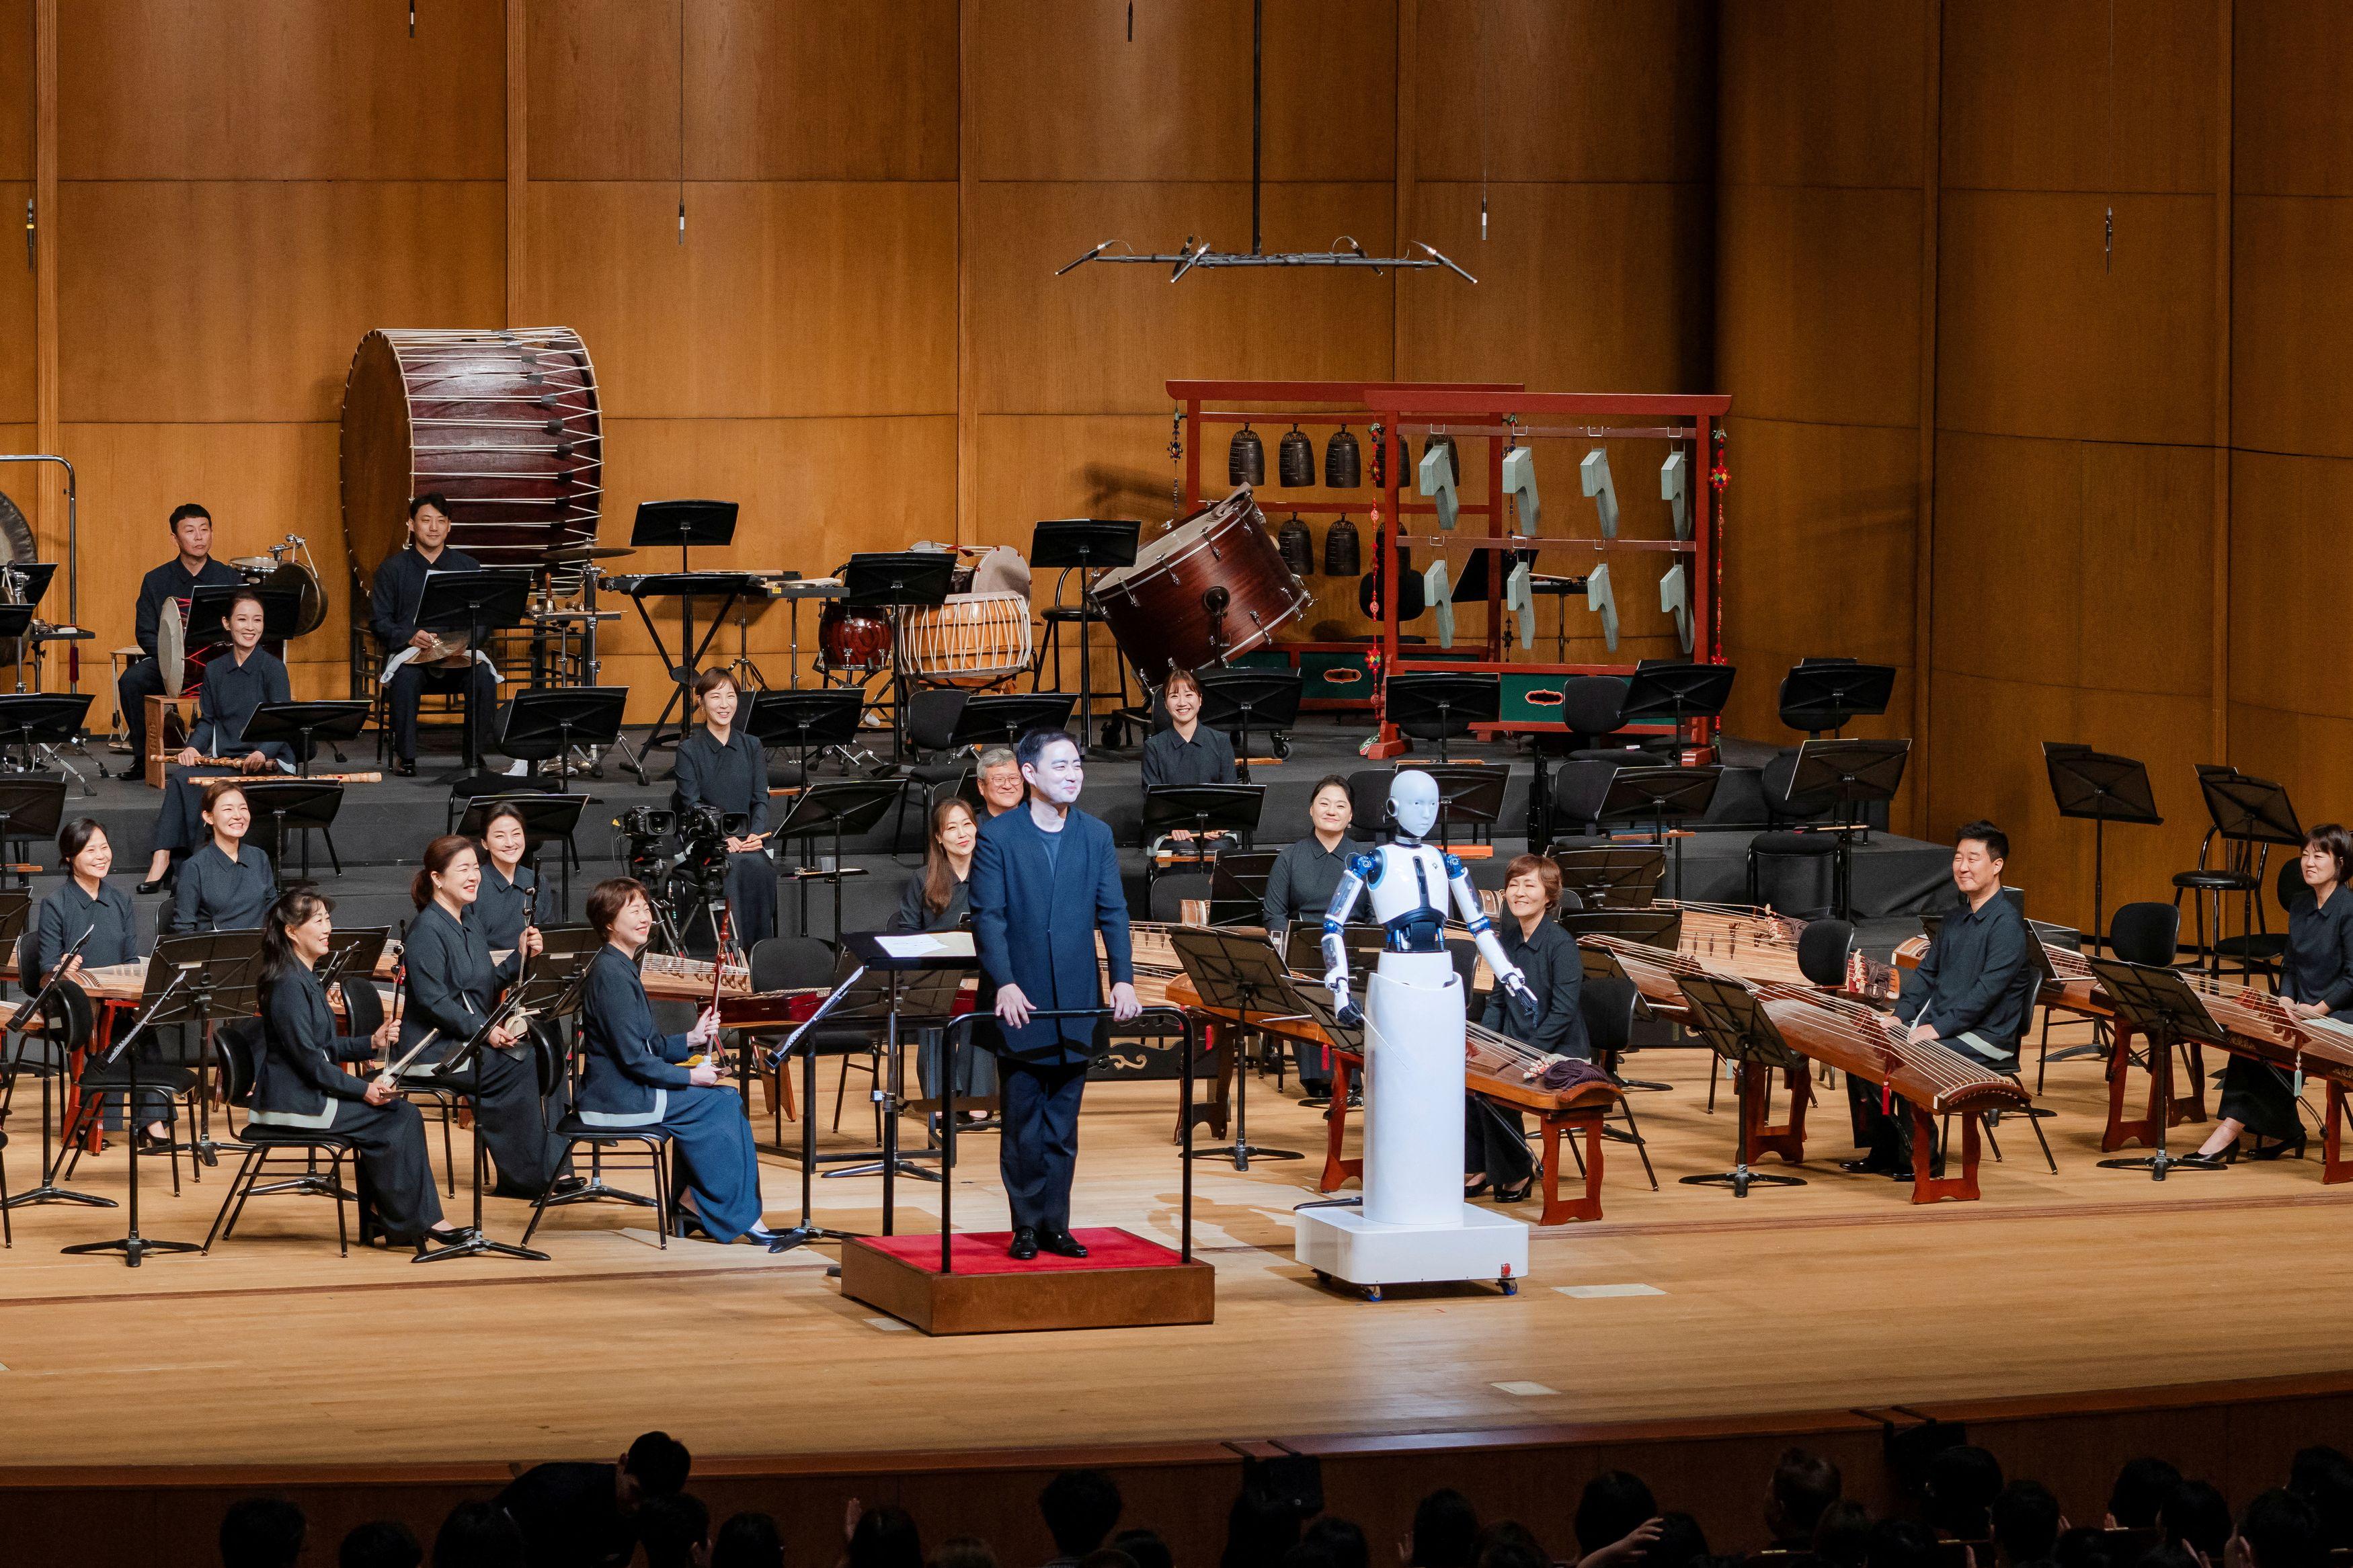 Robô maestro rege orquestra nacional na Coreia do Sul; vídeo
---
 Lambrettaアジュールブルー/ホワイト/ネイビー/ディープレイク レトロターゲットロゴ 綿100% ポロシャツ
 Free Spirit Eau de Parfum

▶ TASK STATEMENT: Taking the material above, extract exactly and only the lines from the line with "Lambrettaアジュールブルー/ホワイト/ネイビー/ディープレイク レトロターゲットロゴ 綿100%" to the line with "Free Spirit Eau de Parfum", inclusive of both.

▶ FINAL ANSWER:
 Lambrettaアジュールブルー/ホワイト/ネイビー/ディープレイク レトロターゲットロゴ 綿100% ポロシャツ
 Free Spirit Eau de Parfum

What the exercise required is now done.